System calibration is crucial for structured light based systems. It contains two tasks: calibration between modules and calibration in every module. The former is to obtain the transform matrices of different modules, which are initial guesses of cloud poses in the procedure of cloud registration. The latter is to get the intrinsic and extrinsic parameters of the camera and projector, which will be used in 3D reconstruction. Because the guesses do not have to be very exact, the approximate physical parameters obtained in system building process can be used directly. Therefore only the latter is presented in this paper.

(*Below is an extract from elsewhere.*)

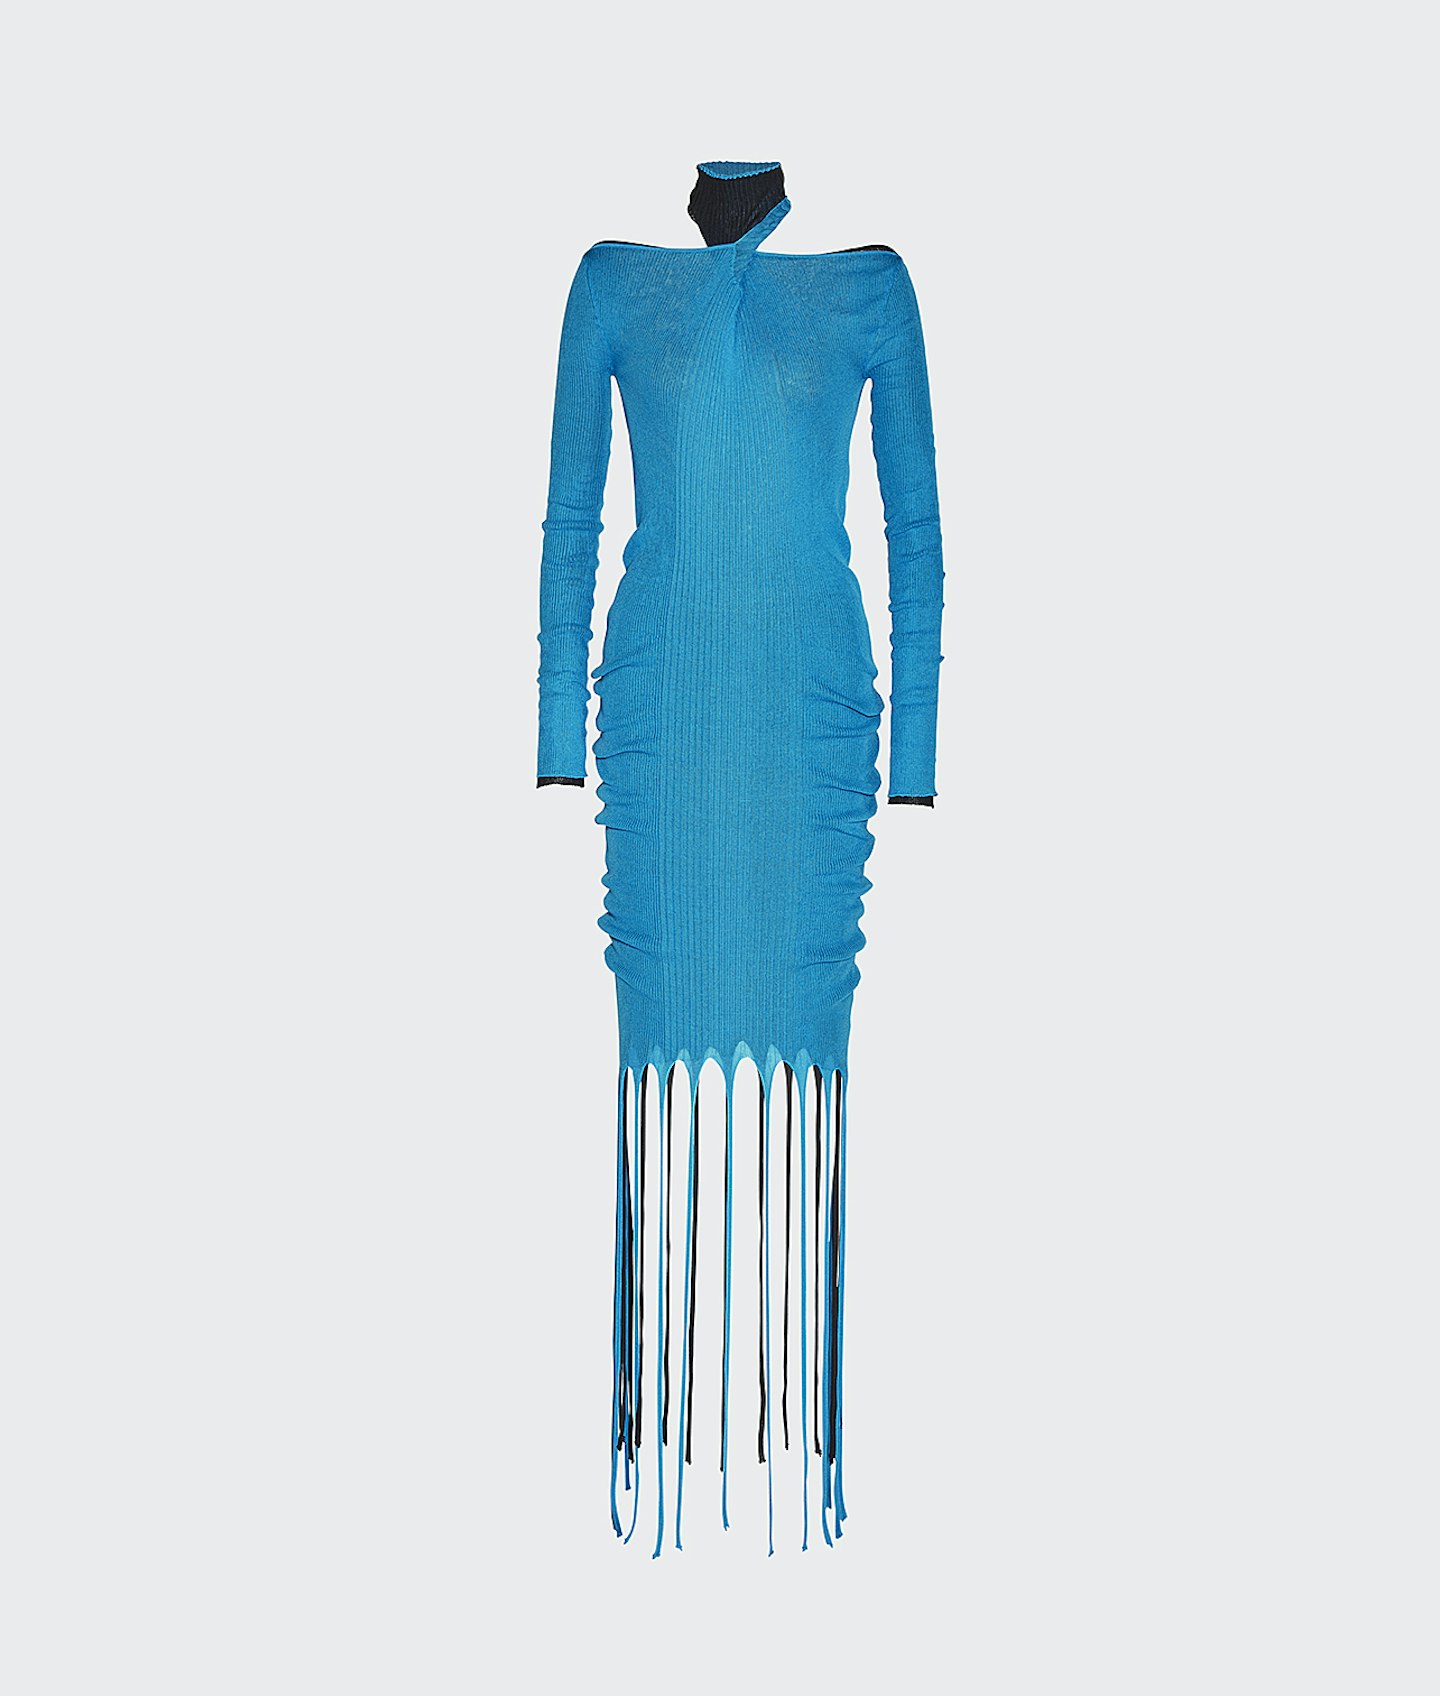 Bottega Veneta, Dress, £1,995

Calibration of a binocular stereo camera system is quite mature and can be referenced. The most widely used calibration algorithm is proposed by Zhang [32]. It uses a black-and-white checkerboard as calibration target. Images are captured by cameras when the checkerboard are adjusted in several poses. Then the coordinates of the checkerboard corners are extracted and the intrinsic and extrinsic parameters can be calculated. However, in a camera-projector system, the projector cannot capture checkerboard images. We need to project fringe patterns using the projector and capture reflection images by the camera. Then the coordinates of the corners in projector plane are determined according to their corresponding pixels in camera plane. Moreover, the black blocks of the checkerboard greatly affect the Gray-code and fringe patterns. Therefore we use a red-and-blue checkerboard as calibration target instead, as shown in Fig. 4(a). The reflection image captured by camera under structured light is shown in Fig. 4(b). It can be seen that the fringes are not affected by the red and blue blocks. To extract corners in camera plane, red light is projected onto the checkerboard. Figure 4(c) shows the captured reflection image, which is similar with the black-and-white checkerboard under natural lighting conditions.

Fig. 4 Checkerboard images captured by camera under different lighting conditions: (a) natural light, (b) fringe pattern, and (c) red light.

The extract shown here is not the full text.